Pensamentos de domingo por Maria João Freitas, Blog A namorada de Wittgenstein aqui
Espreito para o jardim, como se estivesse à janela e entre o meu olhar e o mundo houvesse uma transparente fronteira feita de vidro. Penso que o vidro é um espelho sem fundo, que deixa ver através dele. E o que mostra esse espelho sem fundo? Pessoas que passam, trocando passos e pensamentos que não se podem agarrar ou medir. Há algo de comovente em todas as pessoas que passam e não me refiro à solidão que as segue como uma sombra.

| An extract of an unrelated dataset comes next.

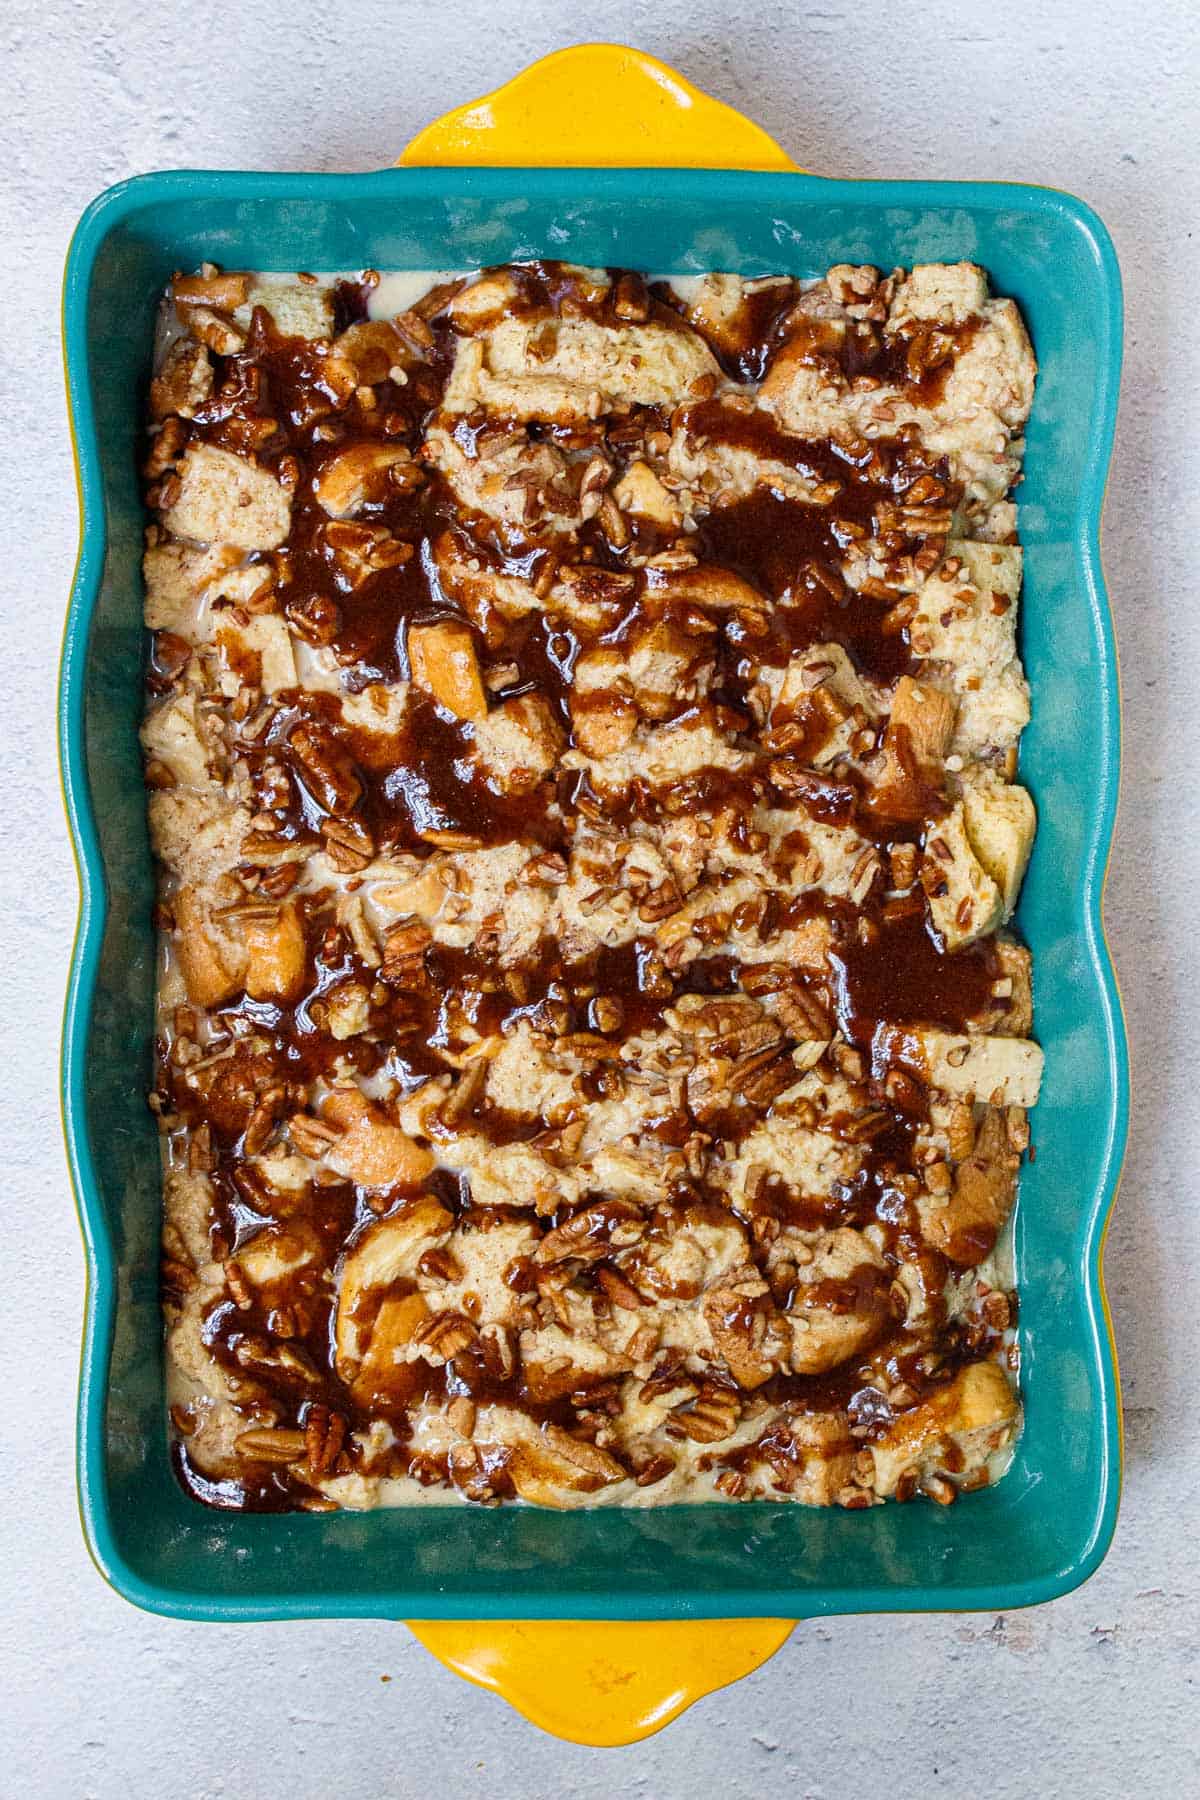 Brown sugar butter mixture drizzled over French toast casserole.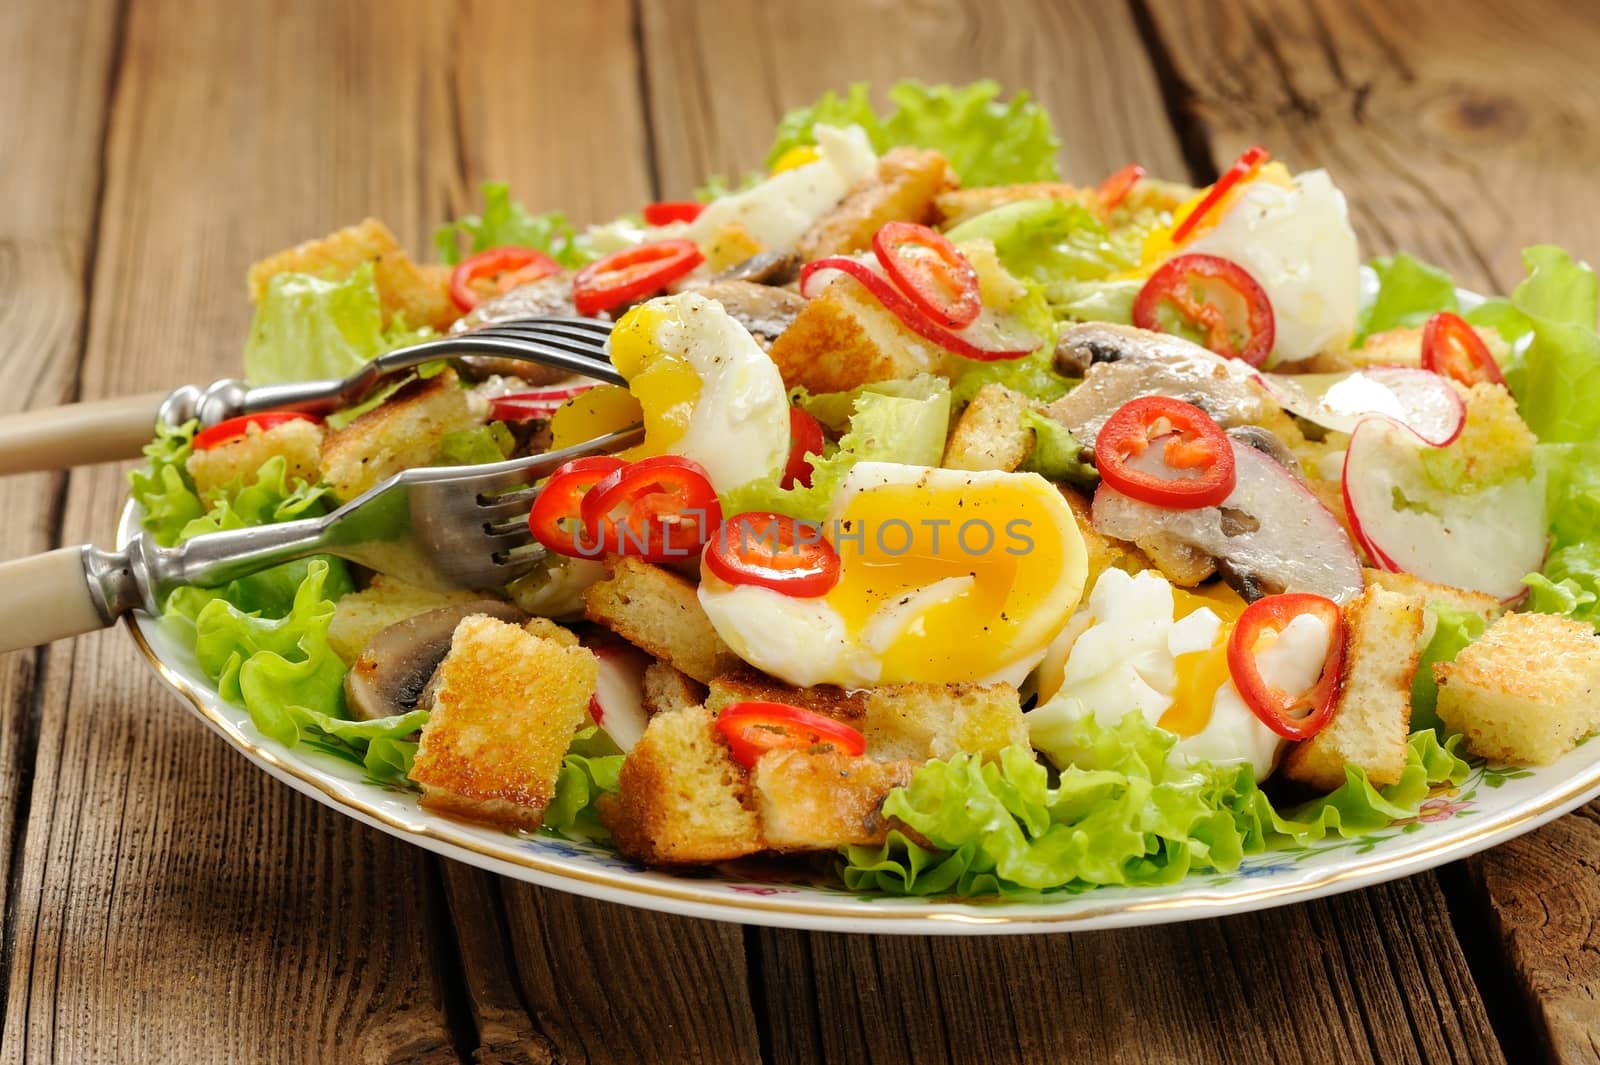 Salad Caesar with mushrooms, eggs, chili and radish with two forks on wooden background horizontal

Nas pessoas que passeiam carrinhos de bebé, lêem as notícias no jornal, jogam às cartas, discutem futebol, atravessam o jardim com o seu cão, falam ao telemóvel, comem um croissant e bebem uma bica na esplanada, fazem planos para o jantar, correm ao Pingo Doce e inventam histórias que outros já viveram mas não contaram desta mesma maneira. As pessoas comportam-se como se não fossem morrer. Esquecidas da sua condição humana, ignoram que por cima da copa das árvores, há uns olhos que crescem. Ali onde pairam as asas azuis de um anjo mudo que não pode dizer a sua mensagem. A luz da tarde, cansada, ilumina em fade-out os cantos do jardim de onde se desprende, das árvores e flores, o milagre do perfume. No parque, os risos das crianças murcham, sem que elas percebam porquê. Uma noite lenta cai sobre todas as coisas, desfeita de palavras.
Viver é fingir que a morte não existe.